Um poema encontrado no chão diz:
Não conheço a lira.
Na sala dos espelhos voltados uns contra os outros
Na sala onde de tanto se multiplicarem as formas
elas cansam-se e passam a expurgar de si
um holograma feito de fumo magenta,
conheço a corrente magra da sua tinta
conheço o grito crente do papel que se entrega
conheço o raio sinestésico a epifania rídicula
a promessa
a laia
o calor e o cheiro da manhã
três homens julgando não serem homens
mas serem quentes como a terra alentejana
serem soldados como uma pedra num muro
serem entrelaçados como tranças de uma infanta
encontram a sua mãe
morta.

Agora zumbe um silêncio das lâmpadas. Há séculos que a sala está vazia. Os espelhos e as lâmpadas as vezes saem da sala para irem fumar os seus cigarros em varandas. Os espelhos mostram-se pela sua natureza ontológica mais flexíveis. São tolerantes, calmos, dizem que a espera é uma coisa dos tempos, que passará em breve. Já as lâmpadas dizem estar fartas, são intempestivas, irascíveis, sensíveis e ameaçam recorrentemente quebrar o contracto.
Houve um hiato de tempo em que duas lâmpadas se pegaram e as outras todas foram ver a briga. Houve um silêncio na sala. Escuridão profunda. Houve um momento de hesitação neste mundo criado, surgiu o absurdo, surgiu o inesperado como se uma das leis fundamentais da física tivesse sido invalidada e até contrariada. Ligou-se desesperadamente para a televisão e convocaram-se os opinion-makers todos. Um grande forúm internacional de téoricos, meta-teóricos, académicos, aspirantes a académicos, adolescentes apaixonados, adolescentes contestários, mulheres mal-fudidas e um índio. Todos encheram um pequeno segundo antes da resposta se saber, e dentro desse pequeno segundo discutiram horas a fio, escreveram livros sofisticados, educados, articulados, respeitados sobre o que iria acontecer. Nesse segundo eu escrevi este poema:
Recuso-me a viver desligado
Nem que para isso tenha de lamber os dedos
E po-los na ficha de uma parede.
Enquanto o delírio durar
Quero-te perto
Tão perto que a minha pele respire através da tua.
Enquanto o delírio durar
Dá-me a mão
O fim do mundo parece o São João da minha infância.
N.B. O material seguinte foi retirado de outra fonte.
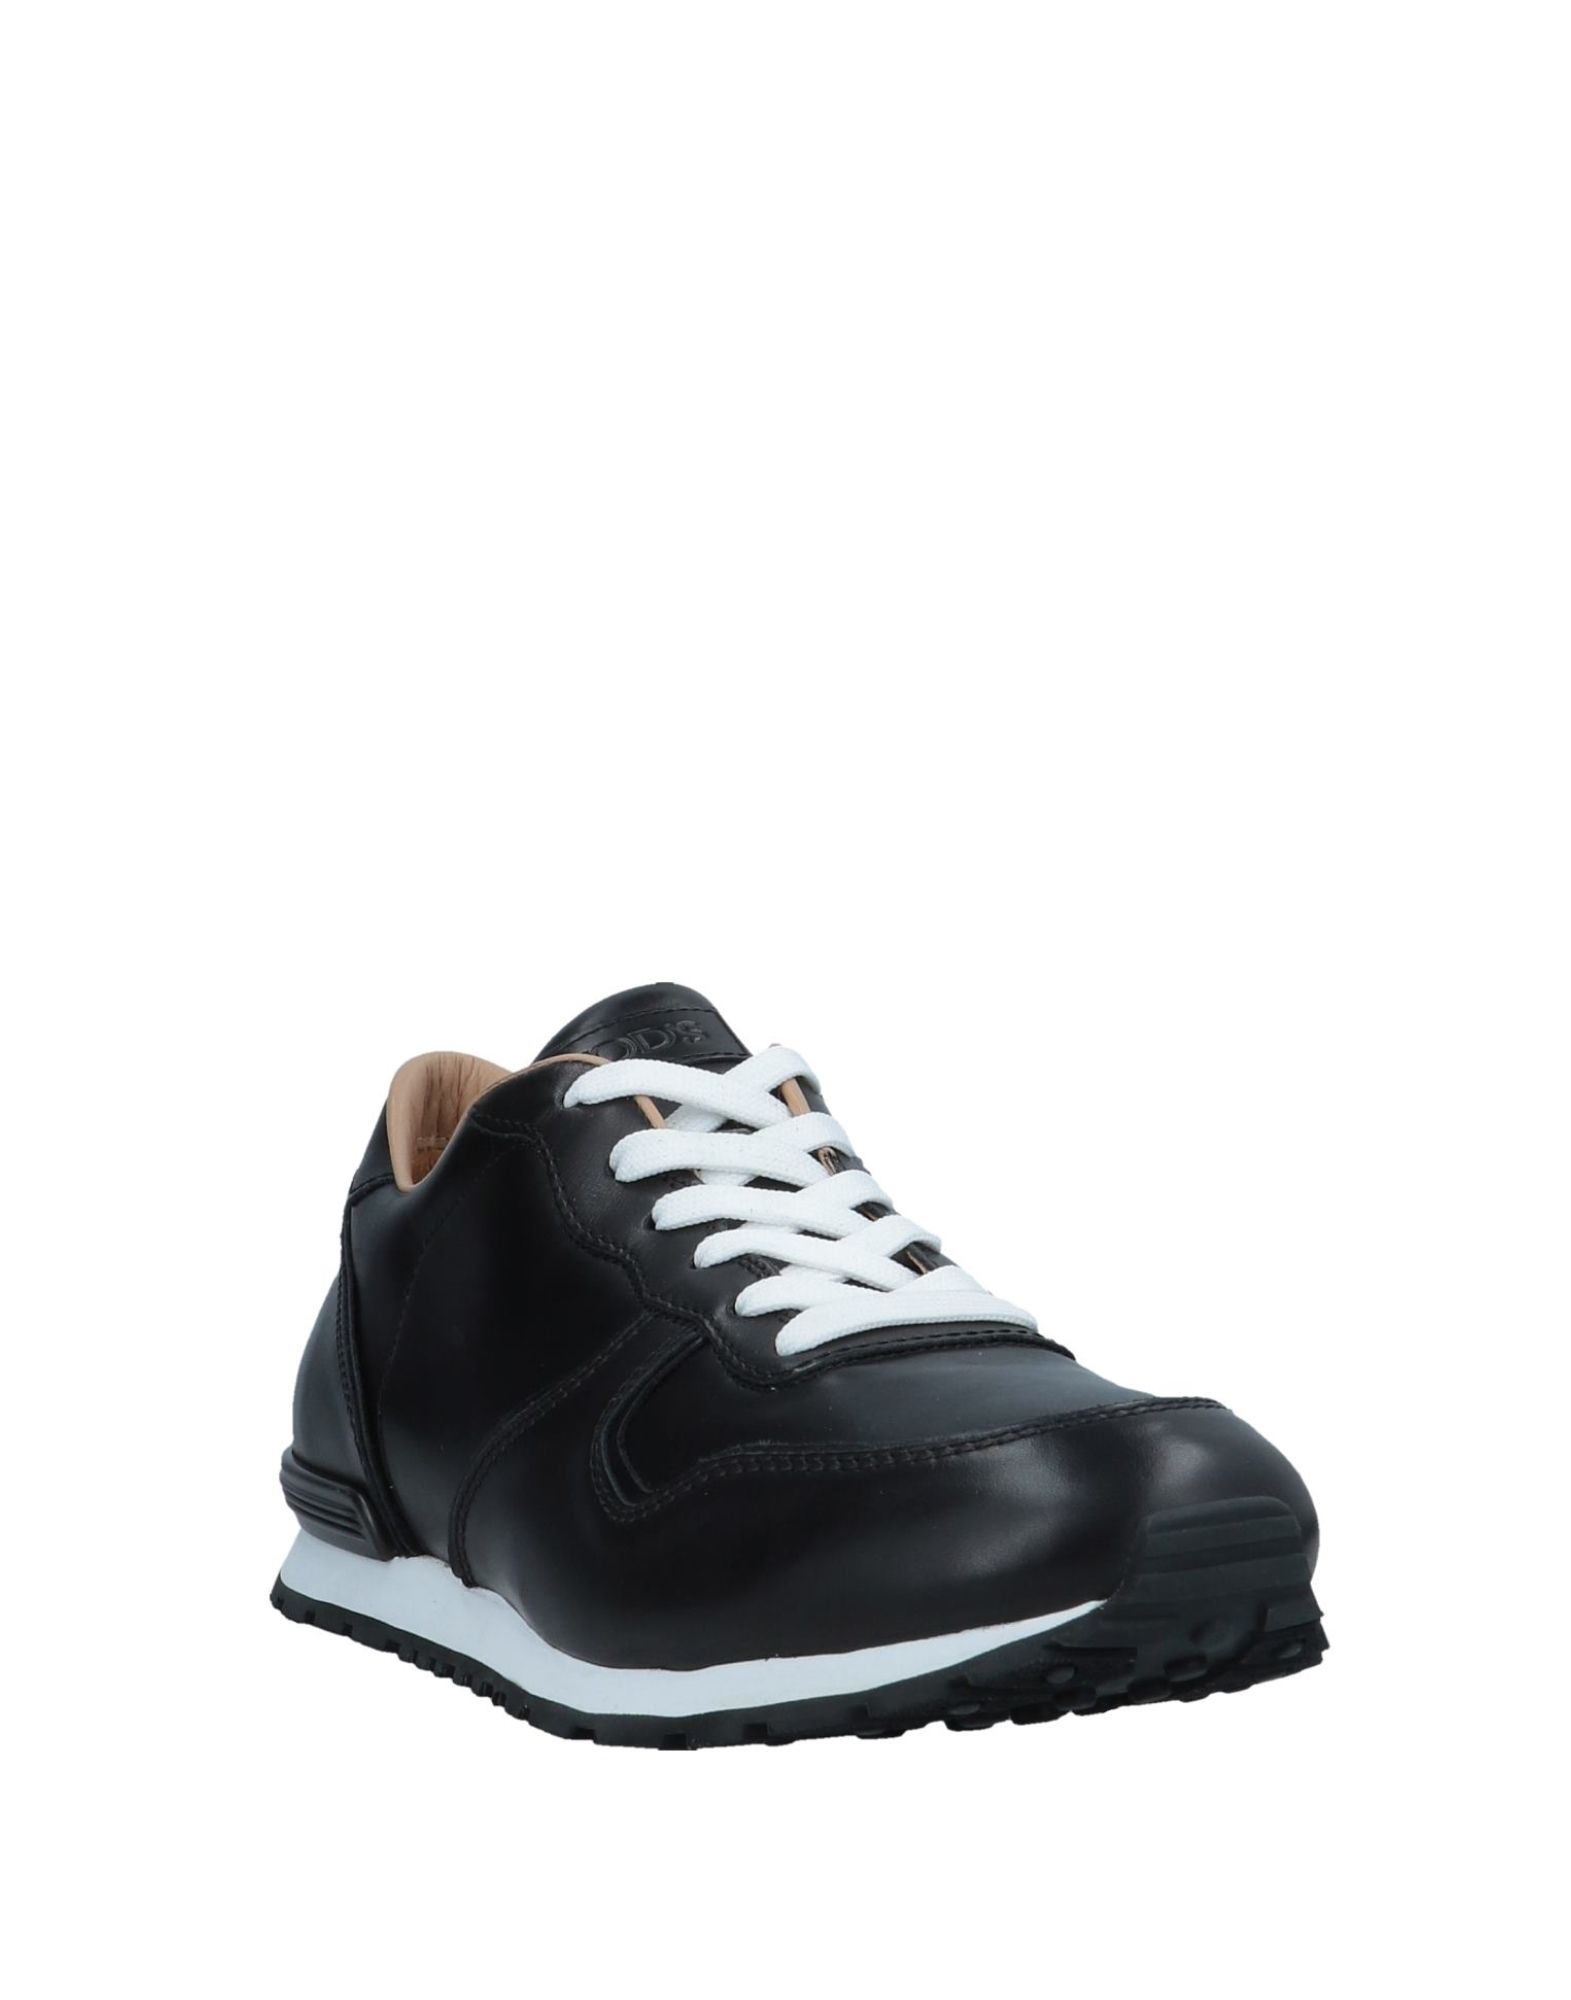 Tod's Sneakers Herren  beliebte 11560748GA Gute Qualität beliebte  Schuhe bc3a92

Claro que tudo ficou estragado. Um académico mais douto de si abriu a porta. Abrindo a porta entrou luz. Eva filha da puta.
As luzes entretanto  voltaram ao seu posto. Descobriram cornos a chorarem, mulheres a comer chocolates, meninos a tirarem catotas, e meninas a tocarem na sua genitália. Rapidamente fugiram de olhos fechados. Fez-se luz, gracejou um espelho engraçadinho.
Séculos e séculos passaram depois como já havíamos relato. Hoje cometi a malandrice de empurrar para lá a lira. Também ela passou pelo caos trágico da sua múltipla ressonância, da caverna a ranger e a reverbrar, também ela agarrou os ouvidos e começou a chorar. Usou-se das suas mais belas metáforas para tornar o seu choro o mais requintado e sofisticado possível. Mas os espelhos não percebem nada de Arte, não ficaram minimamente sensibilizados. Então começou a cortar o seu vestido, foi à lista de todos os seus pintores, escultores, arquitectos, dramaturgos, poetas, romancistas, ligou-lhes a todos.

Olá… sou eu a lira
Era só para te dizer que não vai dar
Hoje olhei-me ao espelho e decidi tomar uma decisão
(fim da chamada, ouvia-se o ‘beep’ do outro lado da linha).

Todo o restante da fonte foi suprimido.